Elle espère toucher plus pour avril, après un mois plein d'inactivité. Mais elle n'aura pas droit, en revanche, au prêt garanti par l'État car son bilan 2019, année déjà difficile, était négatif de 2.000 euros. Son banquier l'a prévenue.
Rien à attendre, non plus, de son assureur, une très grande compagnie: dans son contrat, l'épidémie n'est pas prévue comme motif de perte d'exploitation. Au fil des jours, l'angoisse de Christine s'est transformée en colère.
"Tout le monde croit qu'on nous aide; tout le monde m'a appelée pour me dire: tu ne vas pas payer ton loyer, tu vas avoir des primes, ça va aller... mais cen'est pas vrai, c'est faux", lâche-t-elle.

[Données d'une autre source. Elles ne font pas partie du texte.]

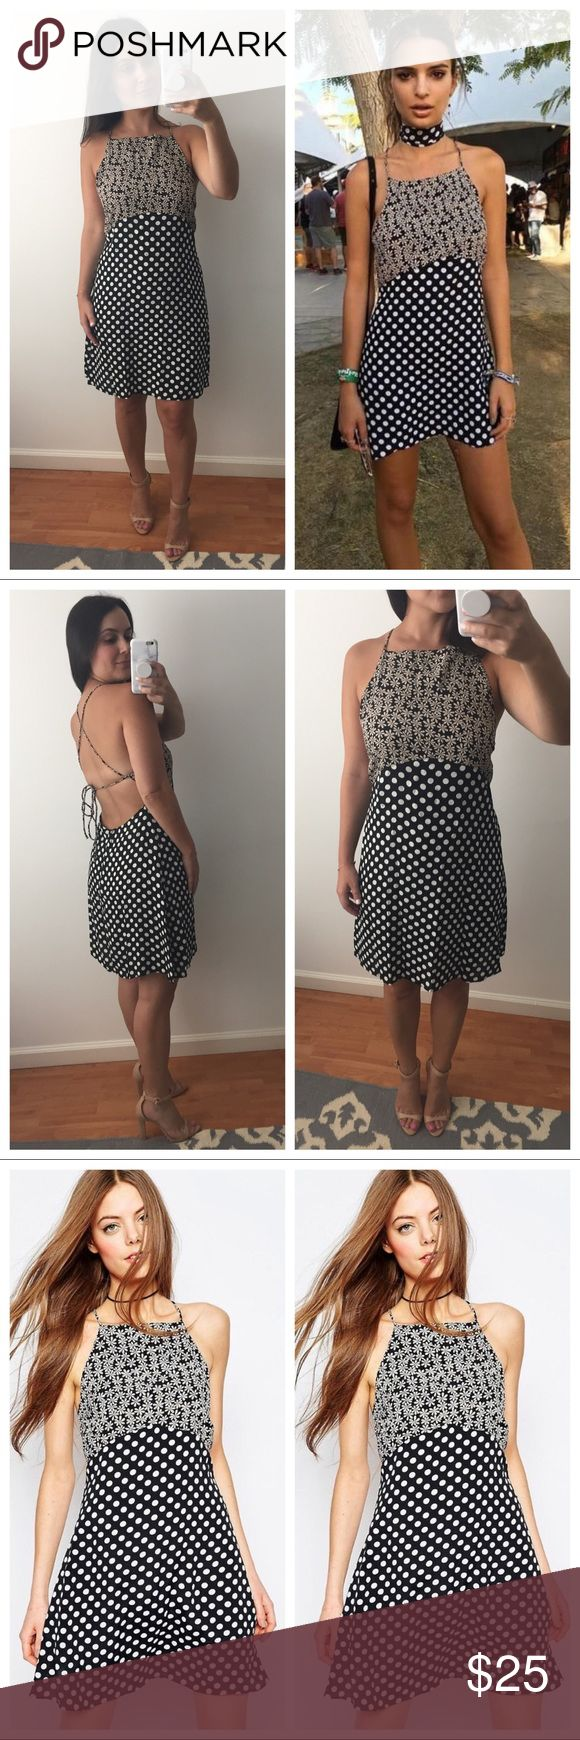 NWOT ASOS Petite Mix Print Tie Back Dress Never worn! NWOT ASOS Petite Mix Print Tie Back Dress as seen on Emily Ratajkowski.  US 8, fits like a medium. No trades, no PayPal, price firm. ASOS Petite Dresses Mini
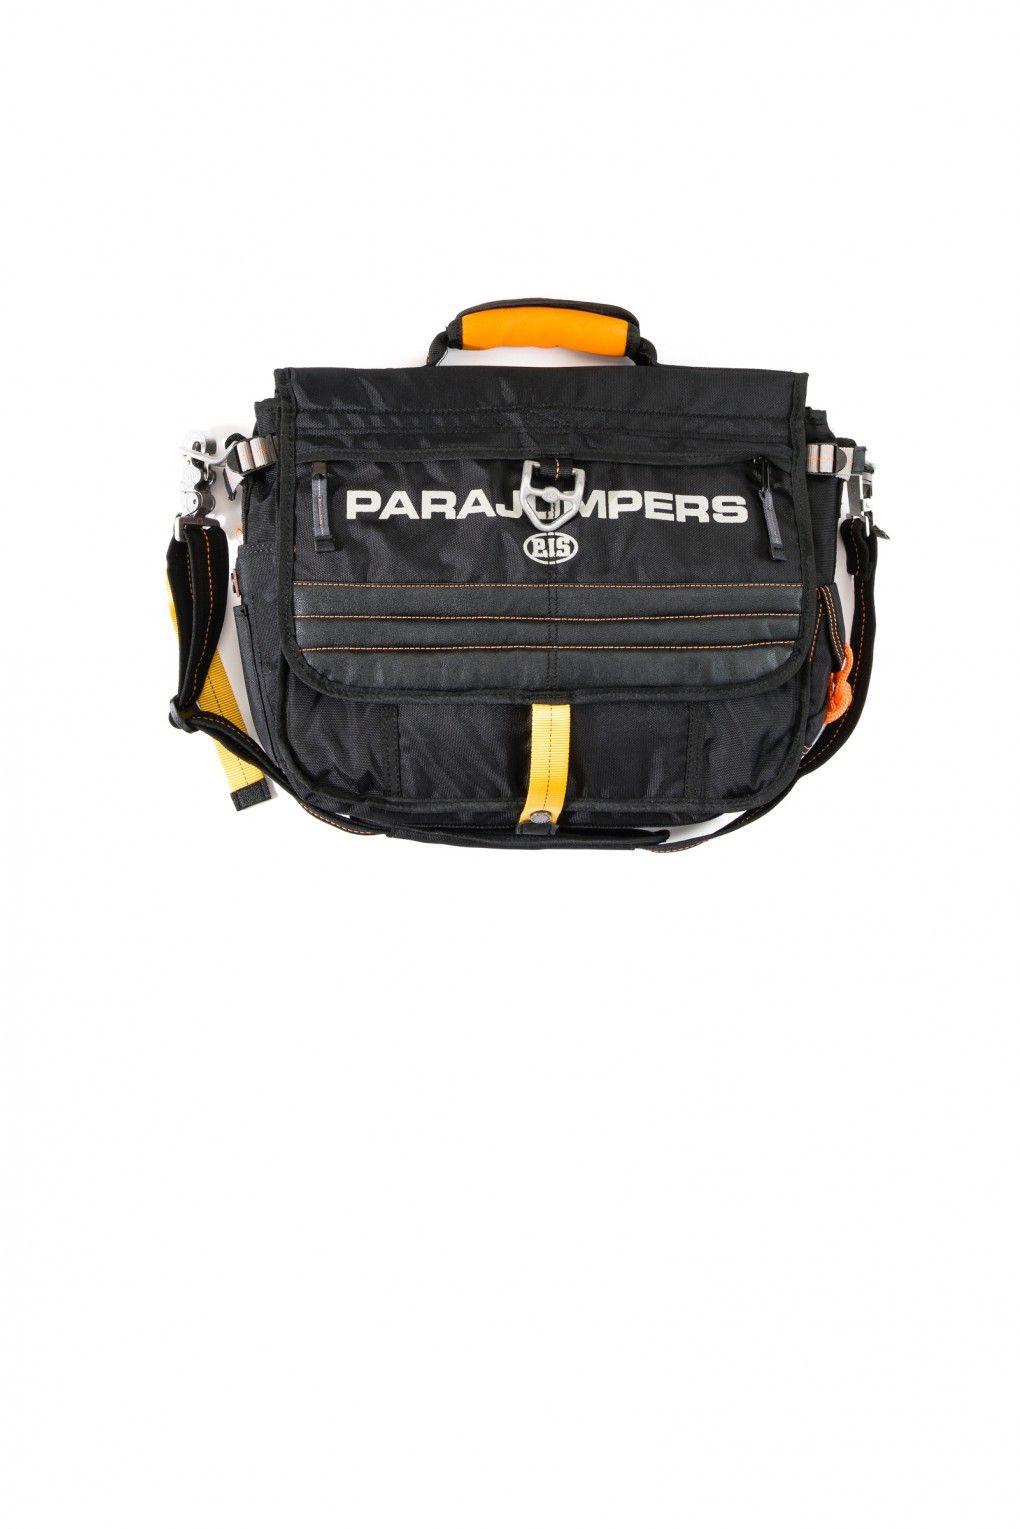 LAP TOP BAG - accessories - MAN | Parajumpers

"On ne fait que reporter les charges, avec des échéanciers. Au bout du compte, il faudra bien payer et je ne récupérerai jamais deux mois de trésorerie."
Dépôt de bilan d'ici l'été
Dans une étude publiée cette semaine sur "les métiers au temps du corona", l'organisme France Stratégie pointe "un risque économique prolongé et de fortes vulnérabilités individuelles" dans les services aux particuliers, au premier rang desquels la coiffure et l'esthétique, où de nombreux "indépendants en solo" auront du mal à rebondir.
Christine sait déjà qu'elle déposera le bilan d'ici l'été. "Je suis dégoûtée. Je n'ai même pas envie de reprendre le 11 mai. Je ne trouve pas de matériel de protection en plus. Je le ferai un mois ou deux pour mes clients et après, terminé."